Une équipe internationale de chercheurs a trouvé un moyen rapide, économique et durable de produire des acides aminés à partir de déchets d’origine végétale. Ils ont publié leurs conclusions dans les Actes de l’Académie nationale des sciences des États-Unis.

Les acides aminés sont essentiels à la vie. Ils sont les éléments constitutifs de la biosynthèse des protéines et ont des applications industrielles étendues, notamment pour l’alimentation humaine, les aliments pour animaux et comme précurseurs des plastiques biodégradables, des cosmétiques et des produits pharmaceutiques.

La production synthétique d’acides aminés implique des procédés de culture microbienne telle que la fermentation, qui sont coûteux, qui prennent du temps et nécessitent des processus de séparation complexes, car comme une paire de gants, il n’y a que la forme L qui peut être utilisée pour nourrir les animaux, alors que la forme D peut parfois causer des maladies, bien que cela soit remis en question par de récentes découvertes. Quoi qu’il en soit la forme L sera toujours préférable pour l’humain.

Les méthodes existantes nécessitent des composés toxiques 

Le développement de méthodes chimiques efficaces pour convertir les matières premières et renouvelables en acides aminés a également été largement infructueux à ce jour. En outre, les méthodes existantes de production d’acides aminés nécessitent généralement l’utilisation de composés chimiques hautement toxiques (cyanures) en tant que sources d’azote et de composés organiques non renouvelables (aldéhydes).

Dans cette étude, des chercheurs dirigés par le professeur adjoint Yan Ning de l’Université nationale de Singapour (NUS) ont mis au point une approche chimique durable pour produire une série d’acides aminés à partir de dérivés de biomasse ligneuse.

Cette recherche a été faite en collaboration avec le groupe de recherche du professeur Wang Ye à l’Université de Xiamen, avec des scientifiques de l’Université de Kyoto au Japon, de l’Université des sciences et de la technologie King Abdullah en Arabie Saoudite, du Laboratoire national des énergies renouvelables aux États-Unis Chimiques et en Suisse.

40% du glucose peut être converti en acides aminés

Les chercheurs ont décomposé le glucose dérivé de la biomasse végétale en acide lactique en utilisant une base dans une cuve de réacteur maintenue à température ambiante. L’acide lactique est converti en acide aminé à 493 Kelvin (~ 220 degrés Celsius) à l’aide d’un catalyseur synthétique créé par l’équipe de Yan. Environ 40% du glucose extrait peut être converti en acides aminés en quelques heures. Cette solution riche en acides aminés obtenue est ensuite purifiée par distillation membranaire.

Bien qu’un seul acide aminé puisse être produit à chaque fois, ce système peut produire au moins six types d’acides aminés, y compris la leucine, l’alanine, l’acide aspartique et la phénylalanine. La leucine, par exemple, est un acide aminé essentiel pour la synthèse des protéines et diverses fonctions métaboliques dans le corps.
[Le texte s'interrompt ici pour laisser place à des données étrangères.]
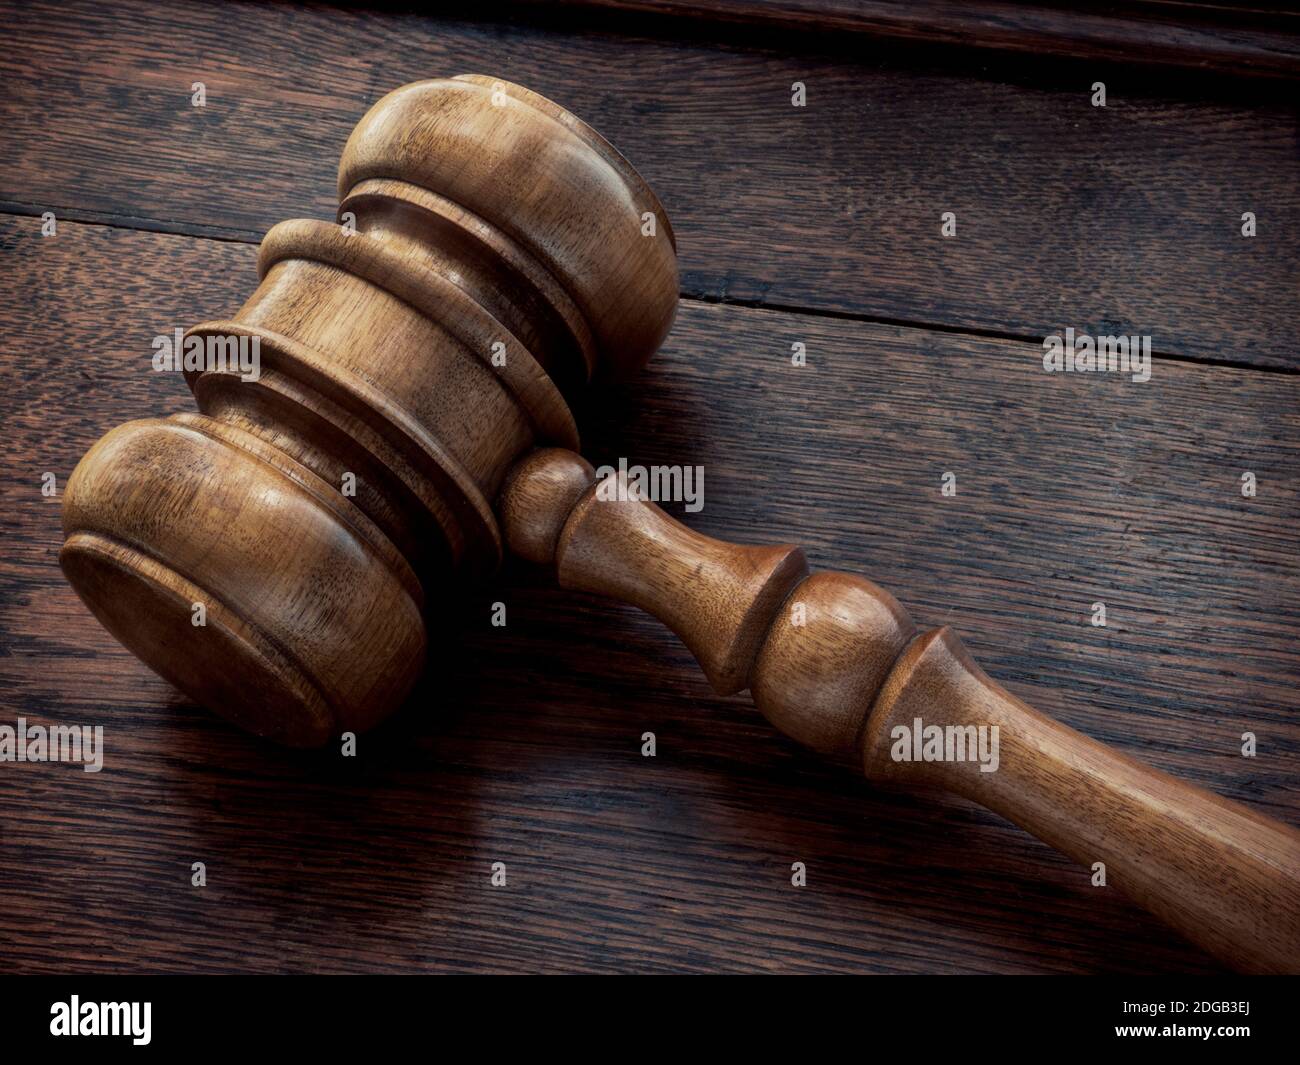 Gavel Hammer in Law Courts at Judges bench recess sentence. Justice Legal Judgement Auction Sale podium Stock Photo
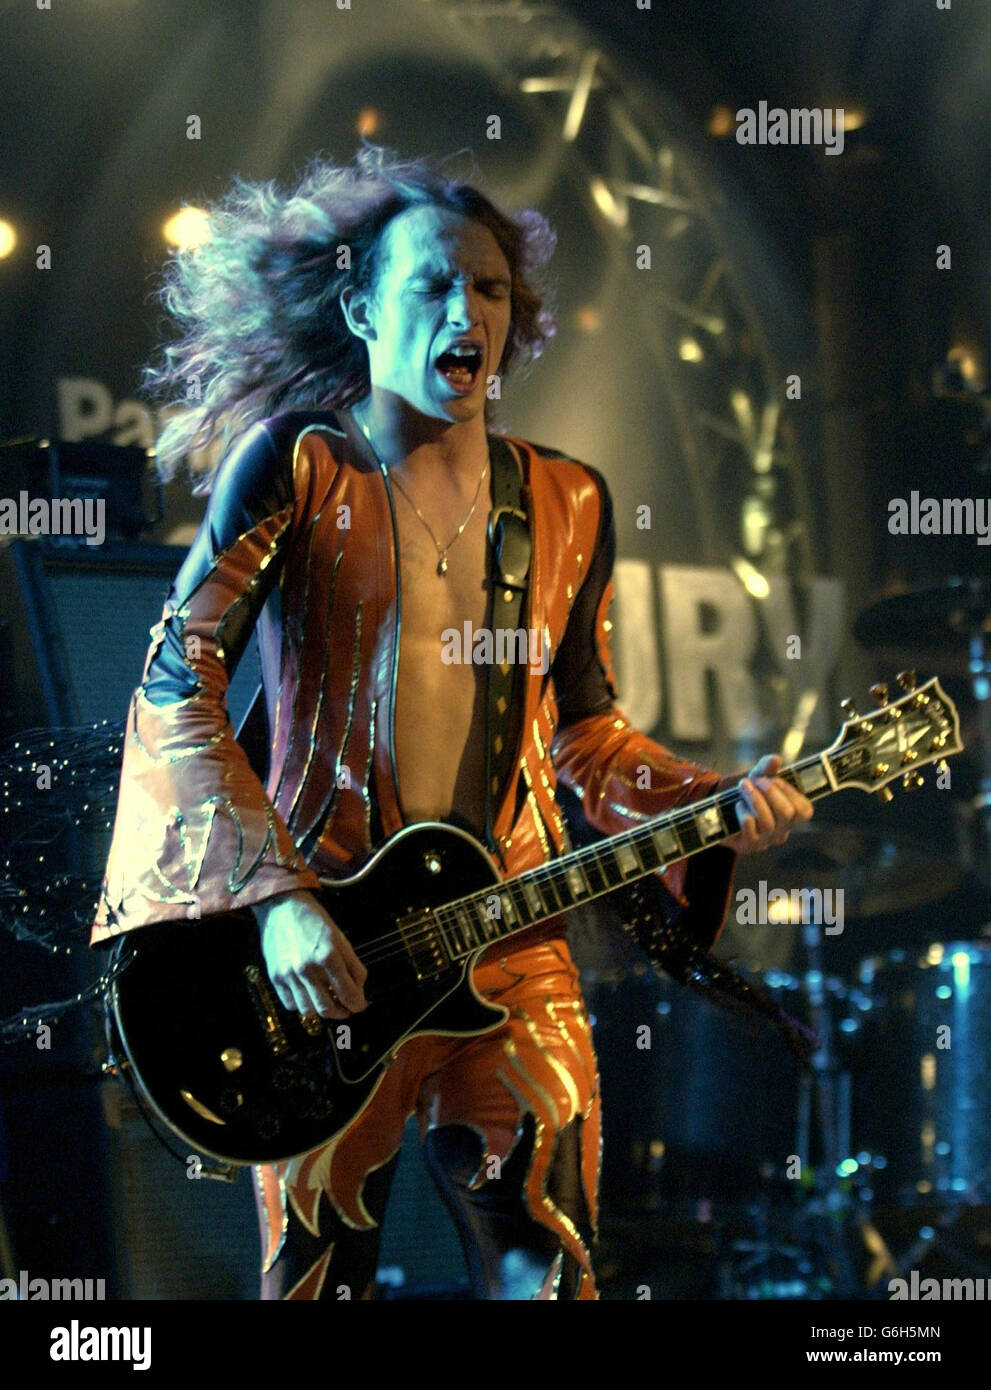 Justin Hawkins of The Darkness performing on stage at the Panasonic Mercury Music Prize at the Grosvenor House Hotel in central London. Stock Photo

Cependant, il ne peut pas être produit naturellement par le corps humain et doit provenir de sources alimentaires riches en protéines. Les suppléments de leucine peuvent stimuler la croissance musculaire et aider à prévenir la détérioration des muscles avec l’âge.

«Notre approche chimique est potentiellement supérieure aux procédés de culture microbienne. Ce système est robuste et permet de produire des acides aminés de haute qualité, comparables à ceux produits par les procédés de culture microbienne classiques », a expliqué Yan.

Un potentiel de rendement de 100%

«Ce qui est important, c’est que notre système a le potentiel de convertir complètement tout le glucose dans le réacteur et d’atteindre un rendement en acides aminés aussi élevé que 100%. Cela n’est pas possible pour les procédés de culture microbienne car une quantité substantielle de glucose est consommée pour la croissance des micro-organismes ou des bactéries », a-t-il ajouté.

équipe-de-chercheursLe professeur Yan Ning (au centre) et son équipe ont développé une approche durable capable de produire une série d’acides aminés à partir d’herbe, de paille et de copeaux de bois.

Dans un proche avenir ce système pourrait être utilisé pour nourrir les pays en développement et même le bétail, lequel pour grandir, a besoin d’une source d’acides aminés de bonne qualité, et c’est ce que propose l’équipe de chercheurs dirigé par le professeur Ning.